All we really want to hear from our partner… The real truth angrily lying under our well-put-together case is the simple fact that we need to know we are loved.
We aren’t lawyers fighting over ethical dilemmas. We are lovers savagely arguing because this relationship we have found ourselves in has made us extremely vulnerable to another human being that we are emotionally dependent on. It is painful in a very real way.
We need reassurance. We may look like monsters by calling them a c***. But it is only because we don’t know how, or are too scared, to ask behind the tears we feel, ‘Do you still love me? And if you do, why are you hurting me so much?’
Instead of getting hung up on the name-calling and easily written-off complaints, we should maybe learn to see through them and get right to the emotional and deep cause of the plight.
Below are what could be considered 6 of the most common types of the general feeling ‘I need to know you love me.’
- I don’t feel like I’m important to you.
- I feel abandoned and alone.
- I don’t feel I’m good enough.
- I feel you want to control me.
- I feel you don’t really accept who I am.
- I feel like you don’t even see me or hear me.
It may be hard to say these words when your partner is actually listening, much less when he or she is yelling at you or cutting you down over how you flirted with a stranger again. So rather than shutting down in futility to be heard or yelling back in anger, write these (and other) feelings on the fridge and simply point to them. You will have said what you needed to say without being cut off and they will have a written message they can’t ignore.
So rather than trying to win a proxy war through silly and superficial issues, cut right to the chase and explain emotionally why there is a feeling of being upset.
- Perhaps if you get angry that your partner didn’t take your side in a dispute with friends — ‘I feel abandoned and alone.’
- Or if they constantly text you or get mad at you for going out with friends — ‘I feel you want to control me.’
- Maybe they just can’t even text you to tell you they will be late for a scheduled event — ‘I feel like you don’t even see me or hear me.’
It is a seriously damaging logic that we often feel the only way to feel safe in an argument is to hit back. It has proven to work before in life. Yet, in love, we are actually going to be so much safer and happier (and more likely to receive fondness and redemption) if we find a way to peacefully show our open wounds to our partners (who probably only wounded us accidentally, to begin with).
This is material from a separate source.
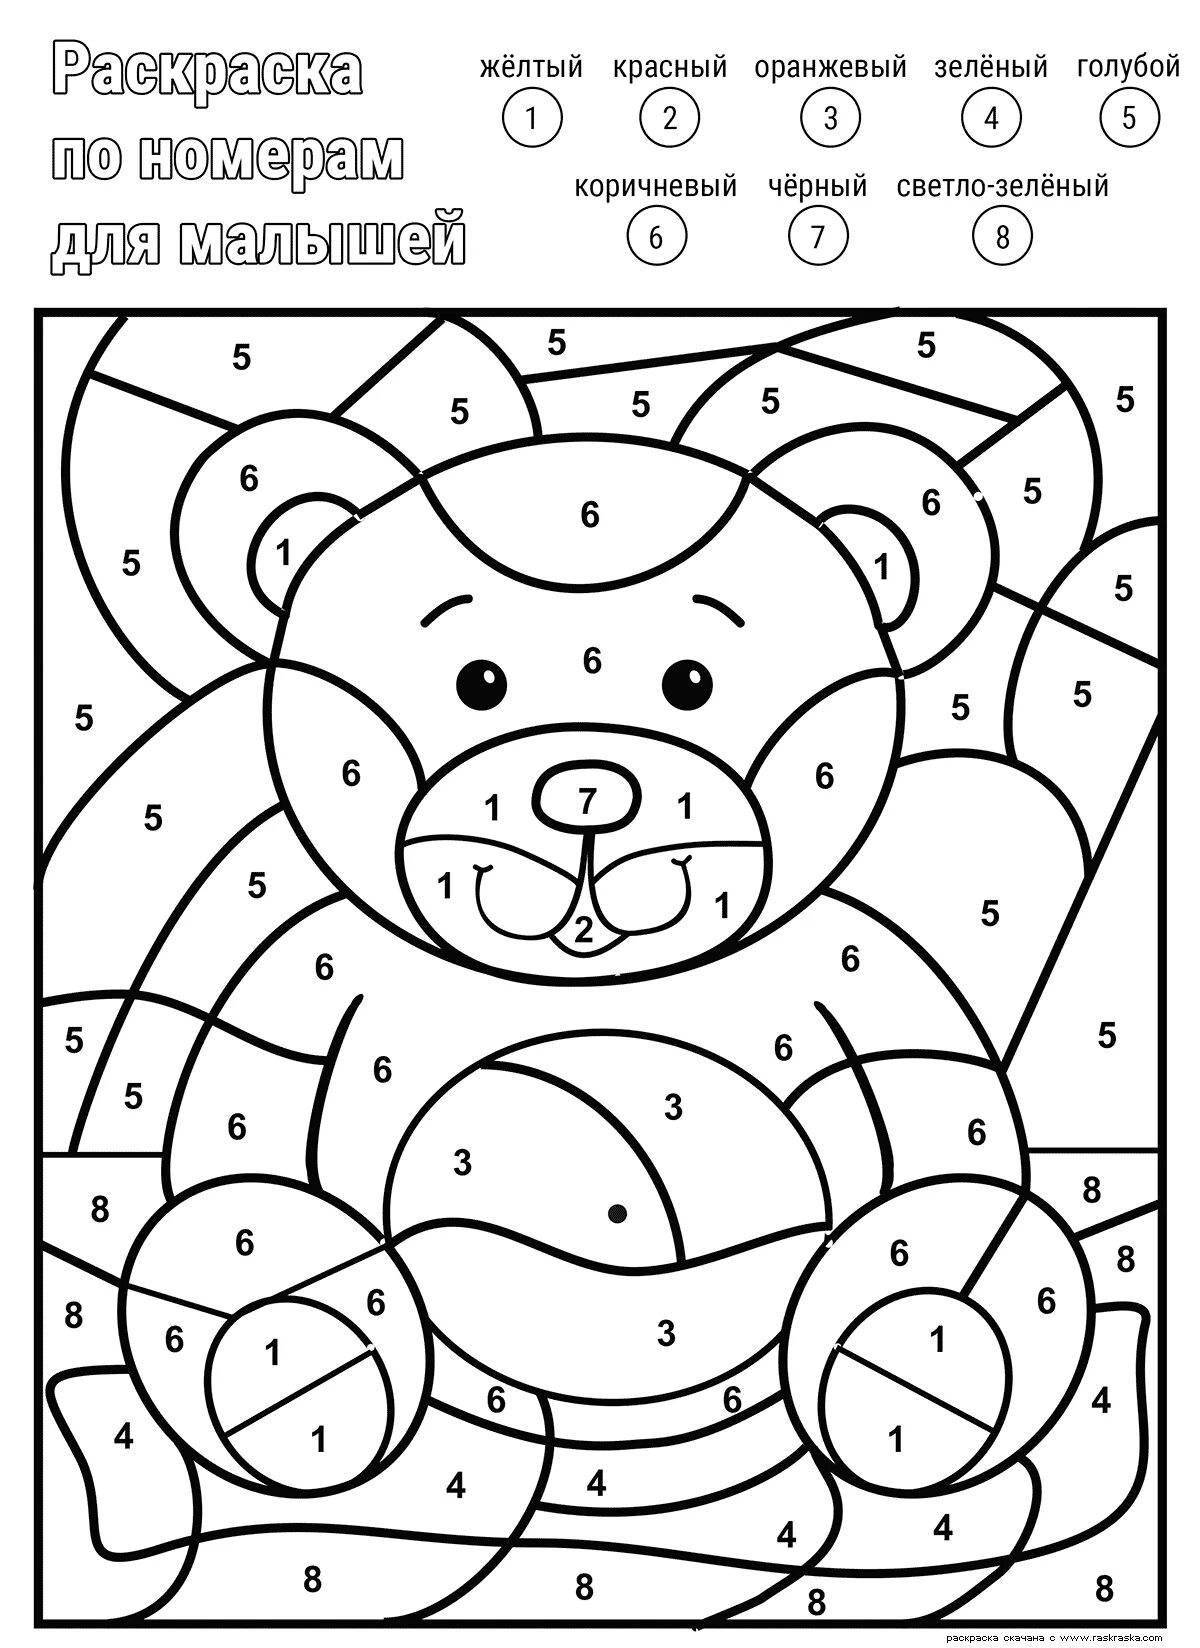 Colorful illusion create by numbers coloring page

We think rebuilding our defensible walls of emotional security is the best thing to do when confronted by possible vulnerability and pain. However, fortune favors the bold, my friend.
There will always be a difference of opinions between lovers. But when it gets to the point of slamming doors and verbally stabbing each other, there is only one thing that the argument is truly about: We are exposed and vulnerable in front of someone we care so much about and that we, unfortunately, can’t control. We are at their mercy and we are begging for said mercy.
It can look like a dispute over last night’s dinner party or what to do over the weekend, but deep down it is a fight that leaves us bare to our fear of emotional abandonment. Once we realize this, we can get past the logical point system of who is right and get to the heart of the problem.
Saving 3 to 6 hours a week from that gives us more time to do the things we always wanted to do together anyway, like building that outside patio or learning that foreign language. We could use that exhausting passion for more endearing and inspiring things.